0

I am new to python and scrape as well. Nevertheless, I spend a few days trying to scrape news articles from its archive - SUCCESSFULLY.

PROBLEM is that when I scrape CONTENT of the article <p> that content is filled with additional tags like - strong, a etc. And as such scrapy won't pull it out and I am left with news article containing 2/3 of the text. Will try HTML below:

<p> According to <a> Japan's newspapers </a> it happened ... </p>

Now I tried googling around and looking into the forum here. There were some suggestion but from what I tried, it did not work or broke my spider:

enter image description here

I have read about normalized-space and remove tags but it didn't work. Thank you for any insights in advance.

a stone arachnid
  • 1,272
  • 1
  • 15
  • 27
  • Welcome to Stack Overflow! Please don't post your code as an image. It's hard to read, prevents text-based searching, and lowers the overall presentation value of the post. – a stone arachnid Oct 08 '18 at 02:12

2 Answers2

1

Please provide your selector for more detailed help.

Given what you're describing, I'd guess you're selecting p/text() (xml) or p::text (css), which is not going to get the text in the children of <p> elements.

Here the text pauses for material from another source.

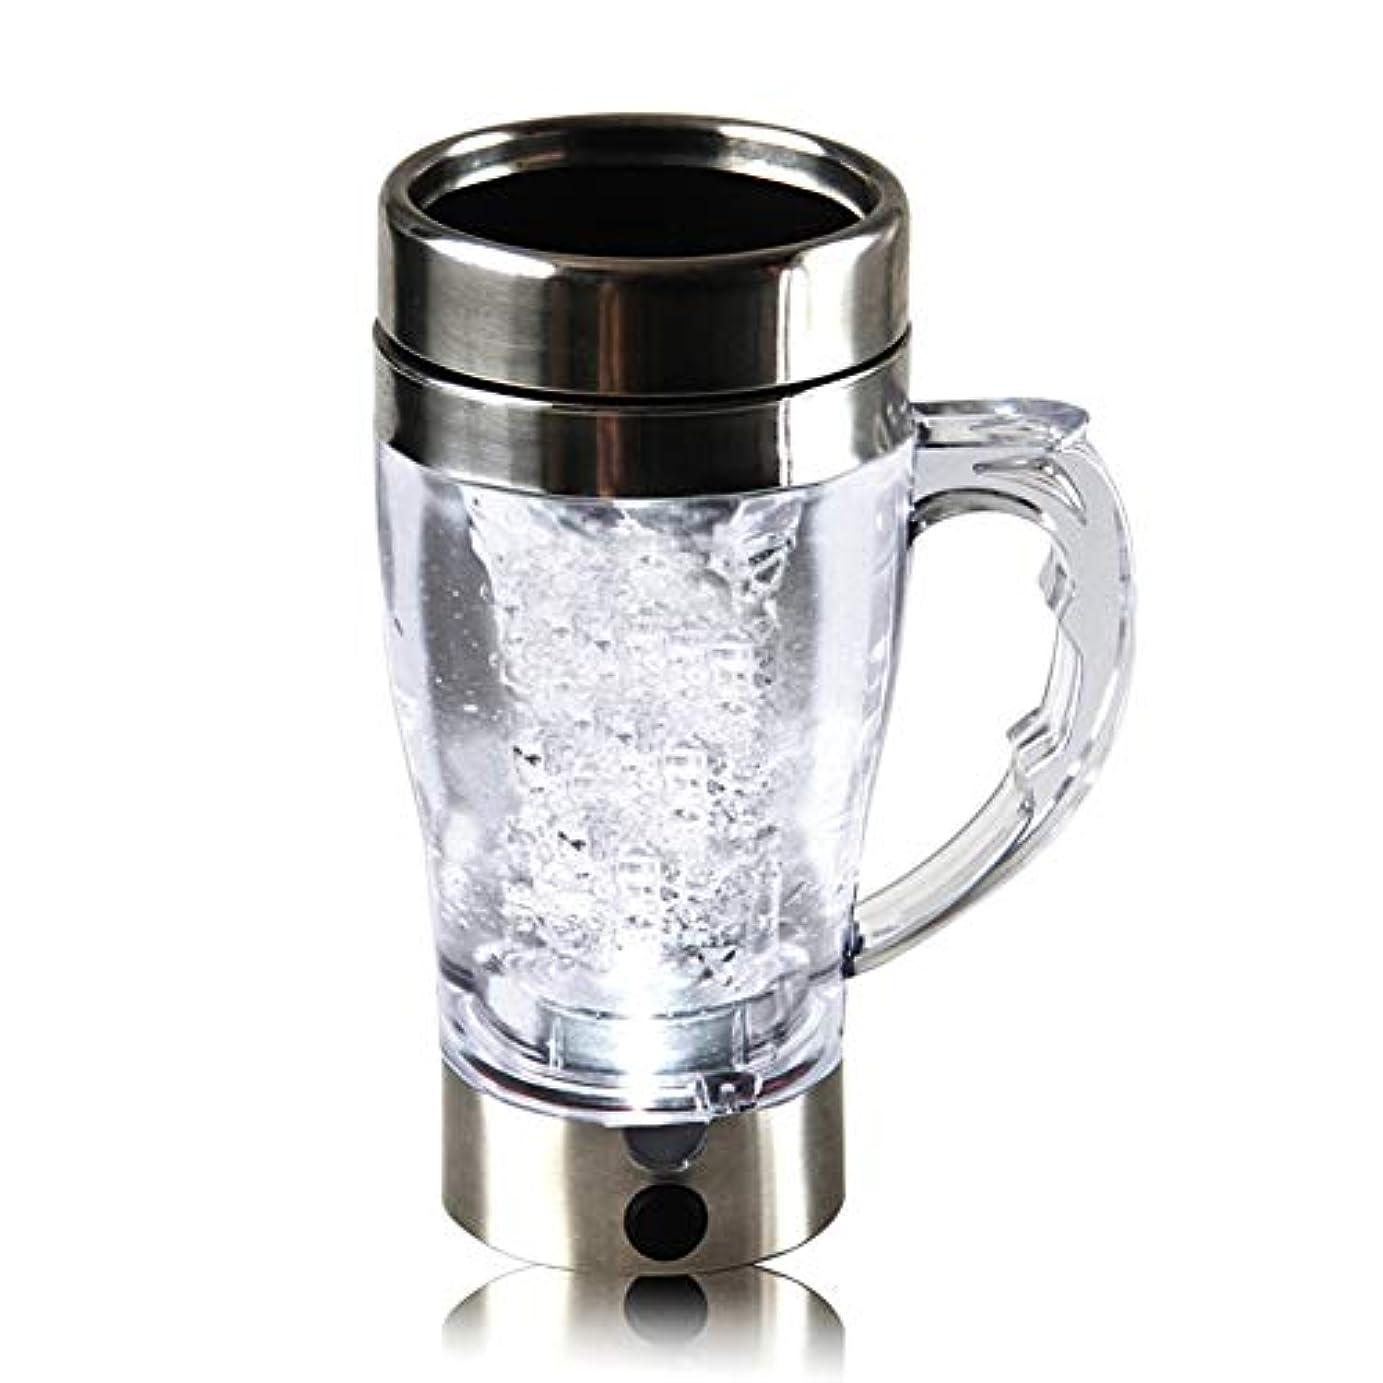 ムスヘッドレスルーBULemon自動ミキシングコーヒーミルク動シェーカー プロテインシェイカー シェーカーボトル 電動 耐熱 コーヒーミキサー オートミキシング ボトルブレンダー

You should try selecting response.xpath('//p/descendant-or-self::*/text()') to get the text in the <p> and all it's children.

You could also just select the <p>, not its text, and you'll get its children as well. From there you can start cleaning up the tags. There are answered questions regarding how to do that.

pwinz
  • 303
  • 2
  • 14
  • Going to read it. Tried the suggested solution above, atm trying to google how to implement it. The selector for the content is: item['content'] = response.xpath('//div[@class="postBody"]/p/text()').extract() – Kamil Liskutin Oct 08 '18 at 02:21
  • Yes please see my edit about how to select text of descendant or self. I believe that will fix you up. – pwinz Oct 08 '18 at 02:23
  • Amazing, thank you so much! Just one question if I may, can I apply the same thing into other selectors [items]. Same things happen in case the website has a link on the author os prominent date ...? – Kamil Liskutin Oct 08 '18 at 02:31
  • You should be able to apply this selector pattern wherever you like, as long as the path is valid you'll get what's there. – pwinz Oct 08 '18 at 02:34
  • Also, another thing how to fix that problem in scrapy - when I have /text() I can just write //text() and it apparently does the same thing. – Kamil Liskutin Oct 08 '18 at 19:59
0

You could use string.replace(,)

new_string = old_string.replace("<a>", "")

You could integrate this into a loop which iterates over a list that contains all of the substrings that you want to discard.